One more day on this Island, and then back to our own.
I leave the continent, and what happens? The Old Man in the Mountain collapses. Last summer, during our extended sojourn in New Hampshire, we had to drive north to collect our friend Stephen, and we drove through the area where the man formerly known as “of the mountain” hung. But, somehow, we missed the view, and returned south without having witnessed this natural miracle.
With Elephant Rock (in Norway, PEI) gone, and now this, I fear the natural wonders of the world are disappearing.

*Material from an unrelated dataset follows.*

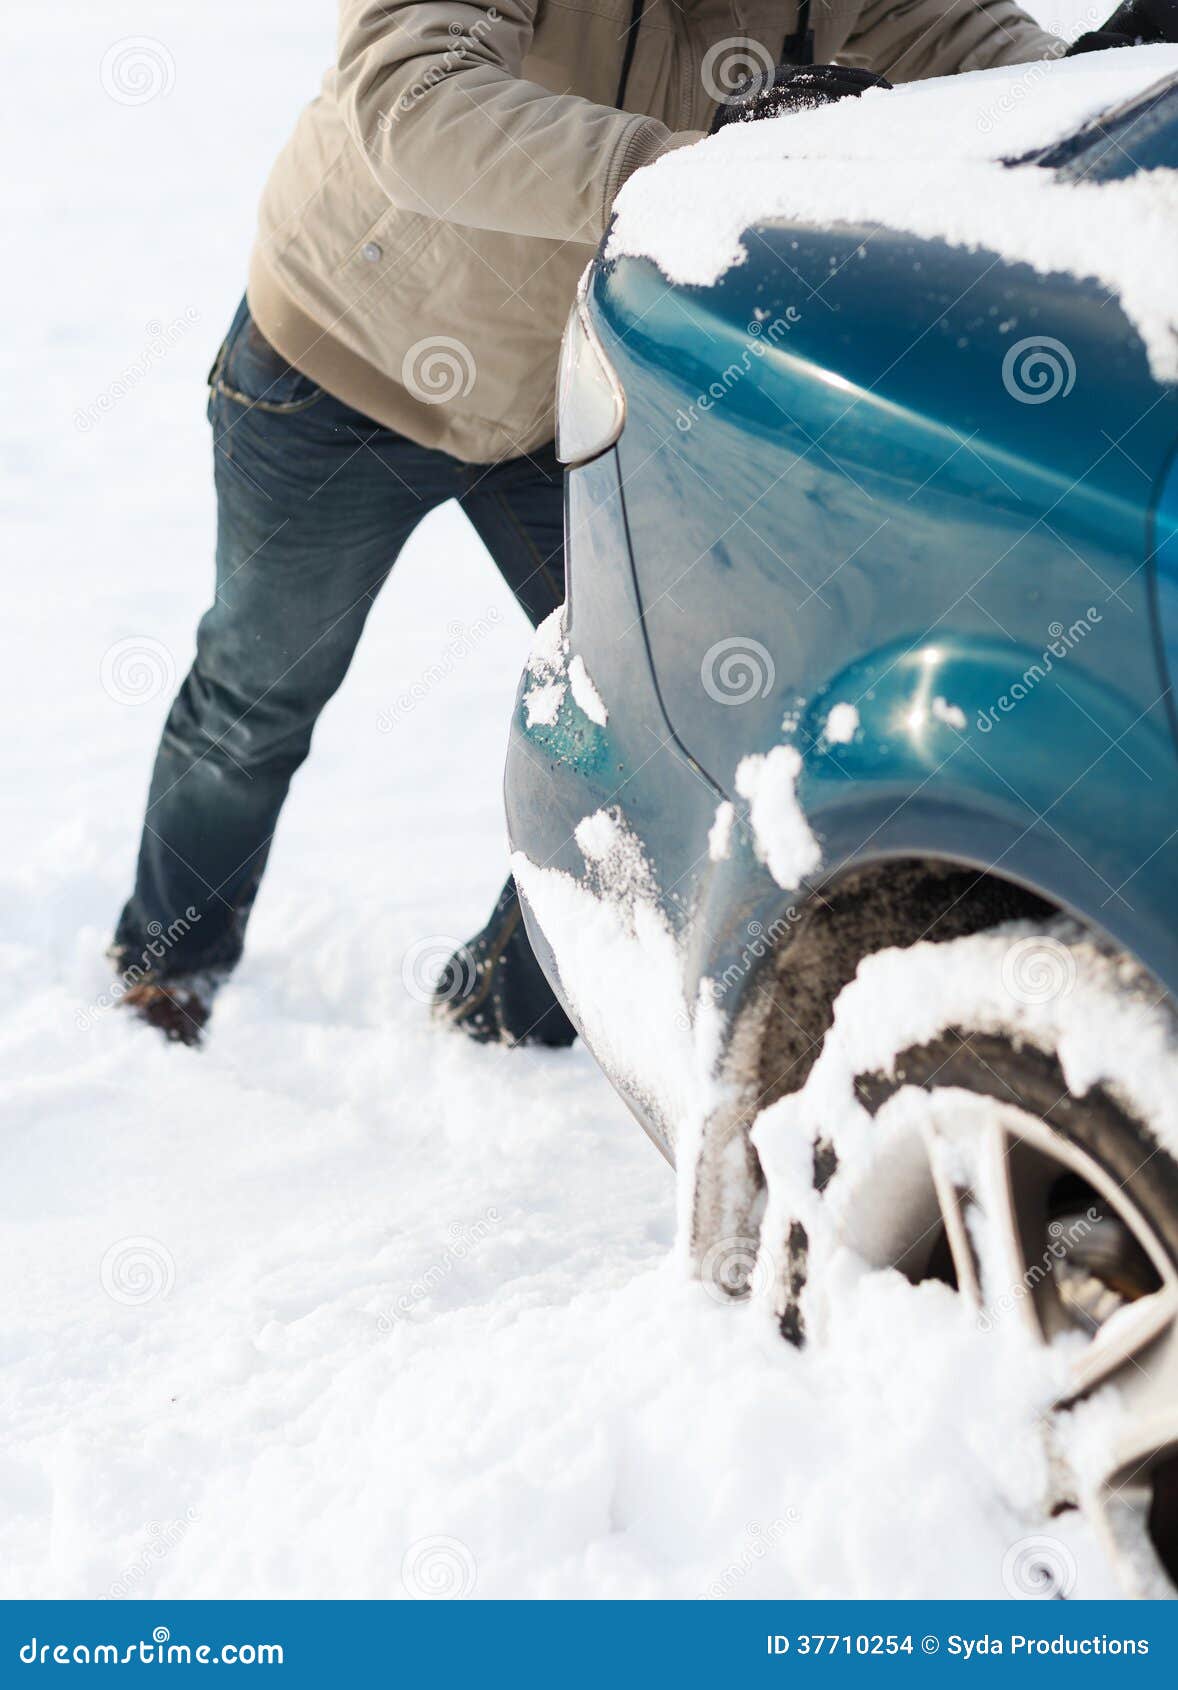 clipart car stuck in snow - photo #26

Speaking of which, correspondent Ann calls in with the shocking news that Tweels, the small gift and magazine shop at the corner of Kent and University in Charlottetown is moving to West Royalty. I’ve purchased a copy of The New Yorker at Tweels almost every Monday for the past ten years. With their move out of the downtown we’ll all be left with the paltry selection of magazines at the Bookmark as a last resort. I cannot for the life of me figure out why Tweels would do this. Granted their business, based as it is on selling magazines (which my friend Stephen says is a horrible complicated business) and Anne curios has never seemed to make a lot of sense. But does it make more sense in West Royalty (aka the suburbs)?
I think that when we return from Europe I will have no choice but to turn entreprenurial and start to help fill the ever-growing business gaps in our downtown. Otherwise Oliver will inherit 100 Prince St. and he’ll have to drive 10km for a quart of milk.
Sigh.
One more day in Barcelona, then London until Saturday, and back in Halifax for the weekend.